**ABOUT THIS EXERCISE**
Once you have located the line containing "Sony MDR-7506 Professional Studio Headphones" in the material below, return it exactly along with each line after it through the line containing "Blue - Pristine".

**** STUDY MATERIAL

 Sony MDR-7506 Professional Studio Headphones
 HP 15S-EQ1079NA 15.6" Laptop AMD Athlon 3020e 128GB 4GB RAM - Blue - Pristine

********
**** STUDY MATERIAL

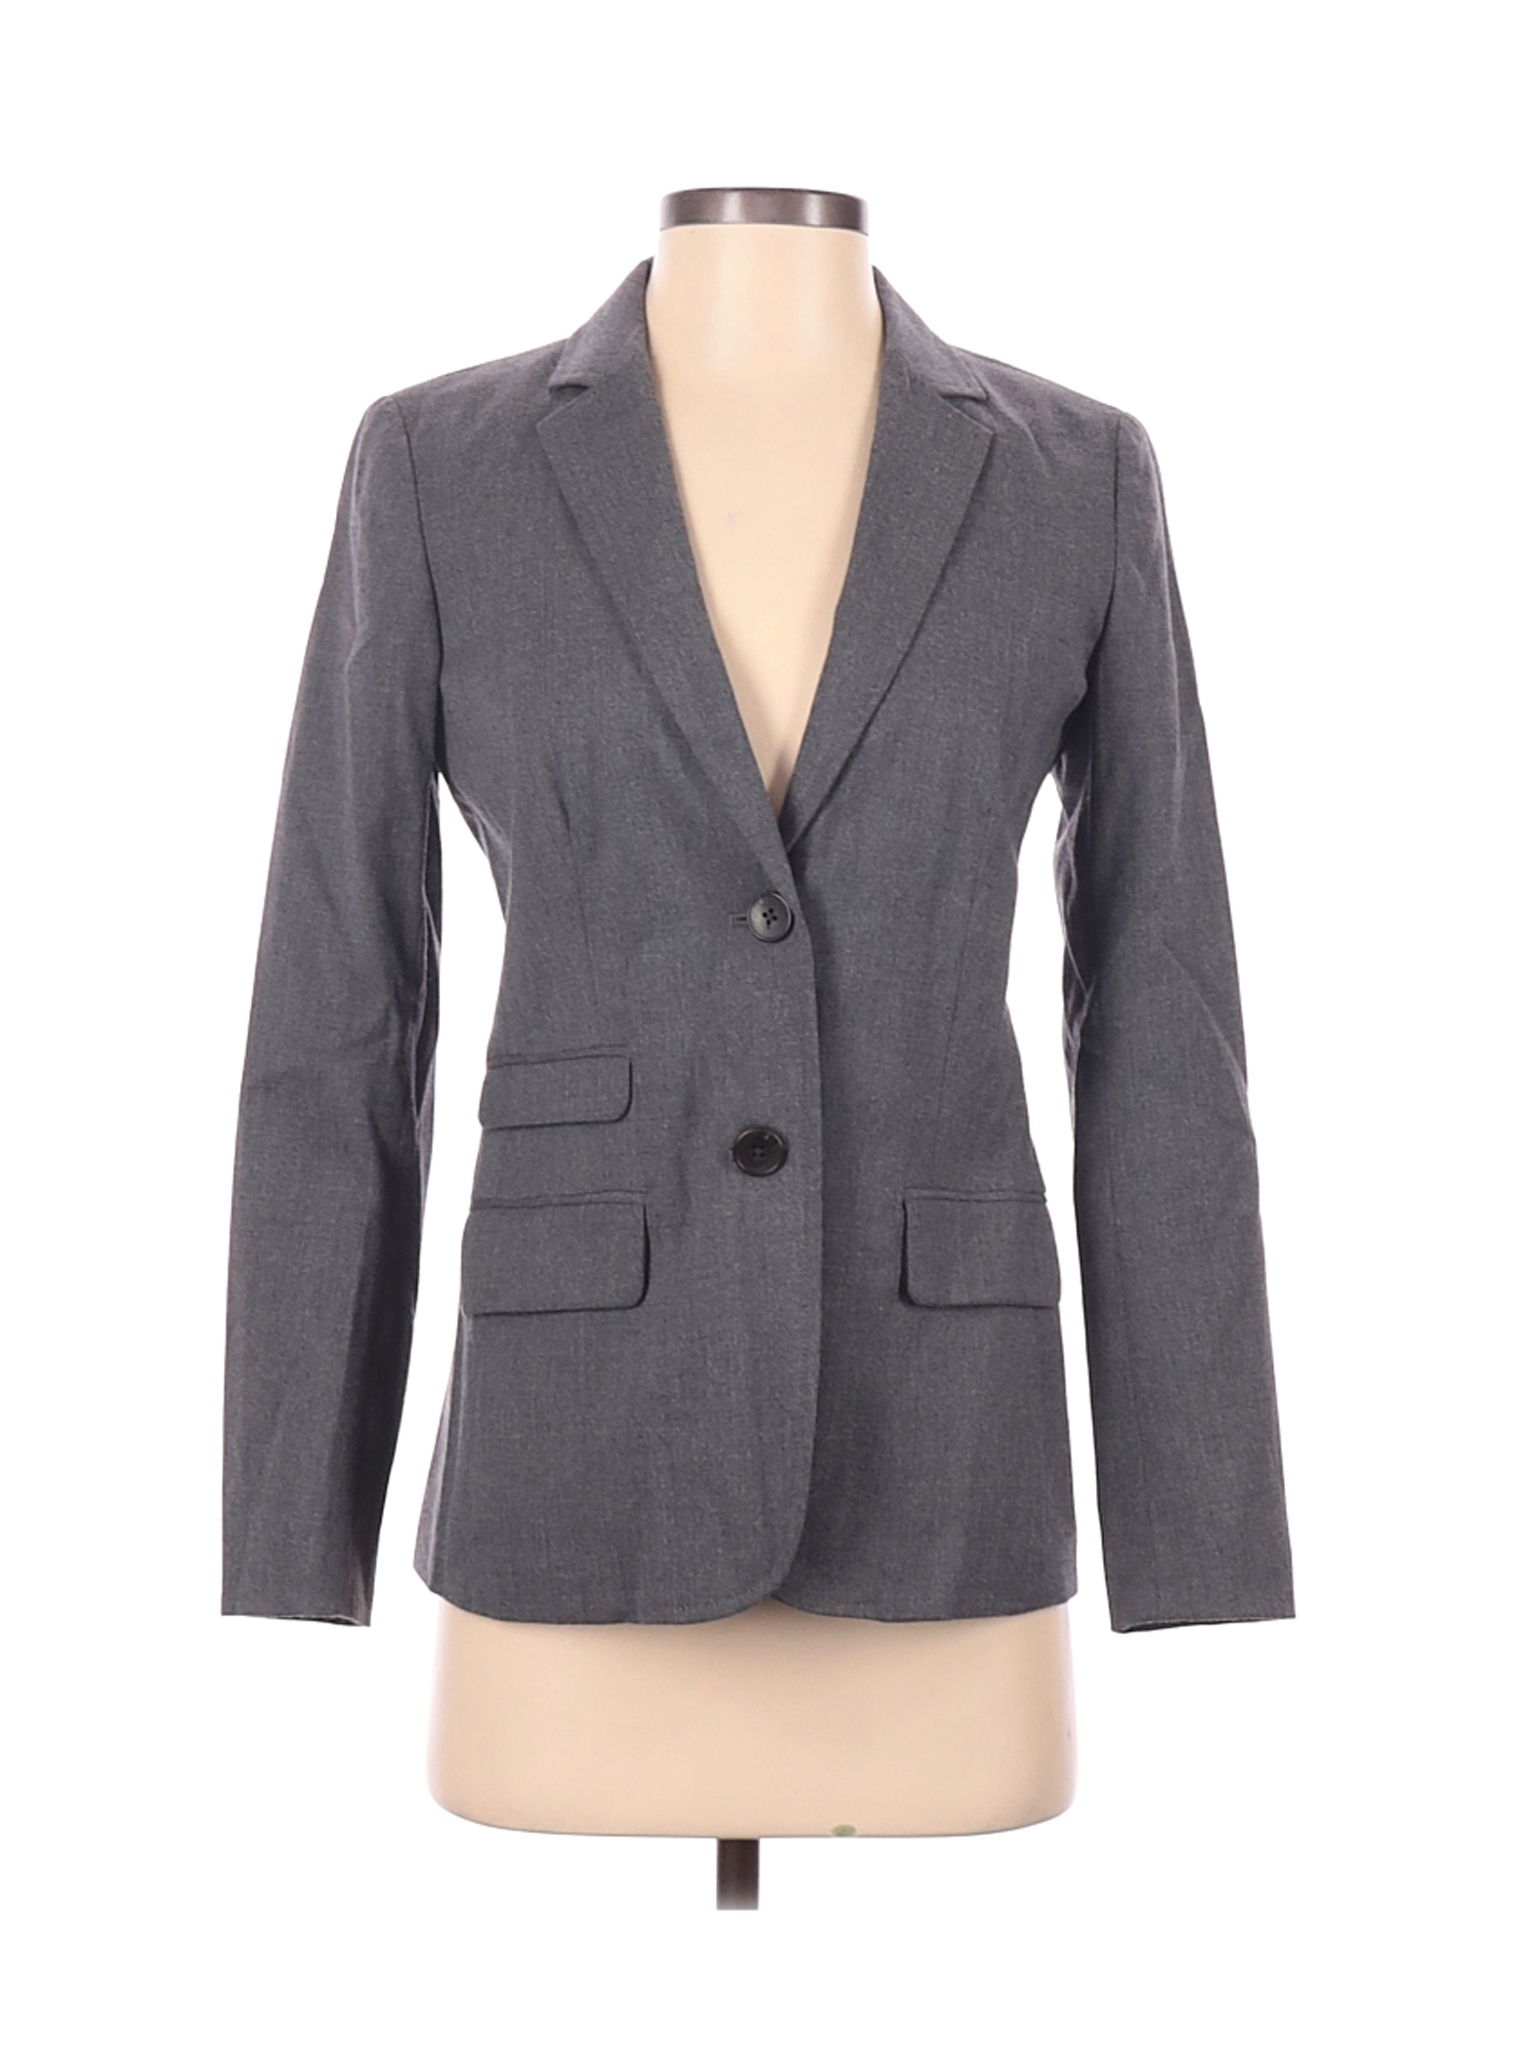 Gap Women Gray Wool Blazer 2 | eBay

********

**RESULT FOR THIS EXERCISE**
 Sony MDR-7506 Professional Studio Headphones
 HP 15S-EQ1079NA 15.6" Laptop AMD Athlon 3020e 128GB 4GB RAM - Blue - Pristine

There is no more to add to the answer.